Im stuck, I need some sage advice.......
I grew up on a d20 system, and I tend to think in it.  I play it because thats all there is that is out there, but does that mean I must create a new system using the "Industry Standard" of d20.  So I wanted some opinions from fellow designers before I make my choice between d20 and 2d10.

Reasons behind the difficult choice.
by using two dice I gain a bell curve instead of a straight 5% for each number allowing me the ability to tailor make creatures for my PC's. It lets me make fumbles more spectacular, and crits even more spectacular. It helps out the PC's that have poor luck with dice

For those of you that game do you like the d20 system? 
Would you be opposed to a system that uses 2d10?
Do you think players will have find it difficult to adjust to a new dice system?


Posts: 3702

« Reply #1 on: September 07, 2008, 04:54:43 PM »

I don't think it will be a difficult transition.

I agree with your analysis that it will drive results toward the median.

If that's what you want for the game then go for it.  I'd be leery of such average-biasing in (for instance) a heroic game, but would find it quite workable in a game of (say) office bureaucracy.

What's your game about?

Just published: Capes
New Project:  Misery Bubblegum

Posts: 118

« Reply #2 on: September 07, 2008, 05:23:52 PM »

d0 is a popular system, but it's very far from all that's out there. You definitely don't need to use it just because other people do. I don't think it'll be much of a leap for anyone. Also, if you're set on a dice that generates numbers 1-20 and want a bell curve you could go with 3d6 for even more of a bell curve. (Although 2d10 would be fine too).

And also, I agree with TonyLB: What's the game about?

Posts: 2

« Reply #3 on: September 08, 2008, 08:05:51 AM »

Really the game background and storyline are little more than a line item on a to do list.  We have yet to add many of the details regarding history, religion, kingdoms, ruling classes, nobility etc.  We do have a basic list of religons down etc.....

My group really became disenfranchised with how cookie cutter the standard D&D 3.0, 3.5 & 4.0 systems were.  The rules were clunky and the thing that really put the last nail in the coffin so to speak was the fact that, A. Characters felt like they were steam pressed and baked in a mold made of titanium 2 the spell casters had like a 5 minute work day, they could do an impressive amount of Damage in a short period of time and then they were done. 

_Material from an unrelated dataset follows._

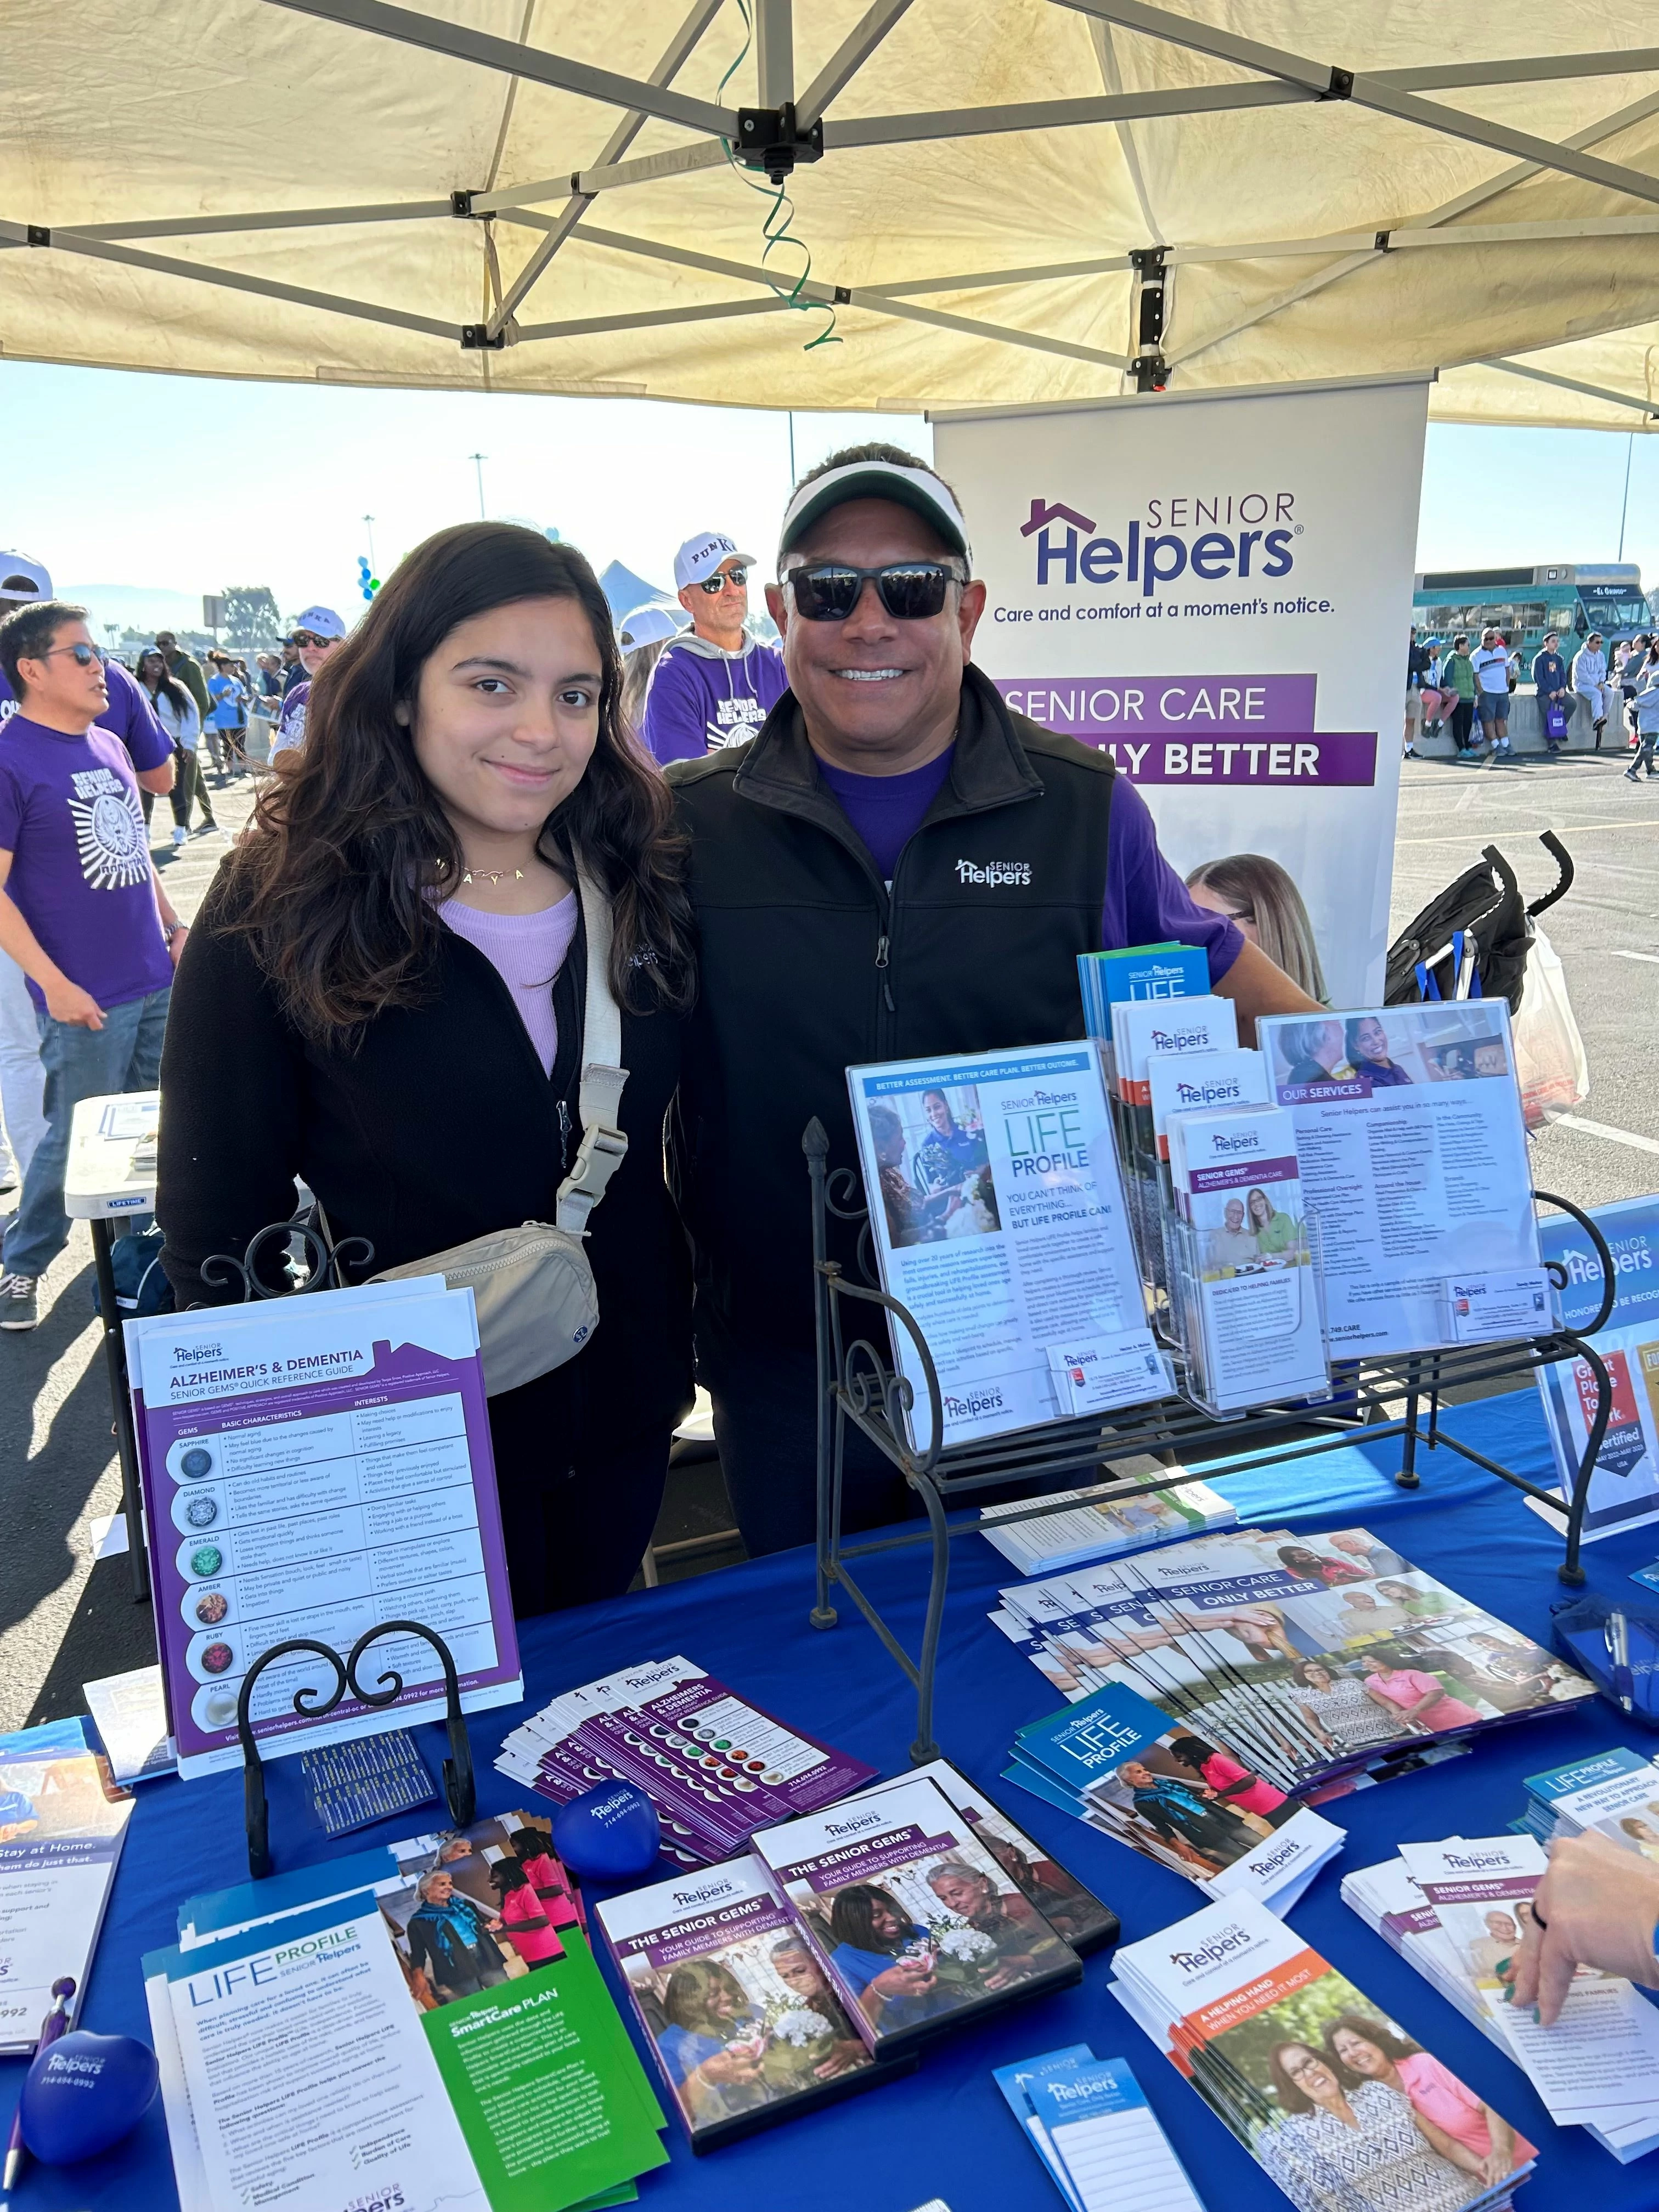 Another strong Senior Helpers showing at the Alz OC Walk. Working together we will ultimately find a cure for Alzheimer’s and Dementia. Here we are with renowned Cognitive Disease expert Dr. Dung Trinh, Senior Helpers of South OC Office Assistant Maya Munoz, and the rest of the Senior Helpers team from Orange County.

So the cookie cutter character classes have been done away with in the system that has been created.  Everything except initial stats are now point buys.  There are no longer cross class skills, yes if you want to create a "cleric/mage/fighter" type of character you can still do that but the system is open ended enough to where your holy warrior type character isnt stuck walking around knowing the three primary skills of a holy warrior, detect evil, lay on hands and smite evil.  In the system we have created he can now do all thoose three things and still be able to bathe himself and hold an intelligent conversation with an innkeeper.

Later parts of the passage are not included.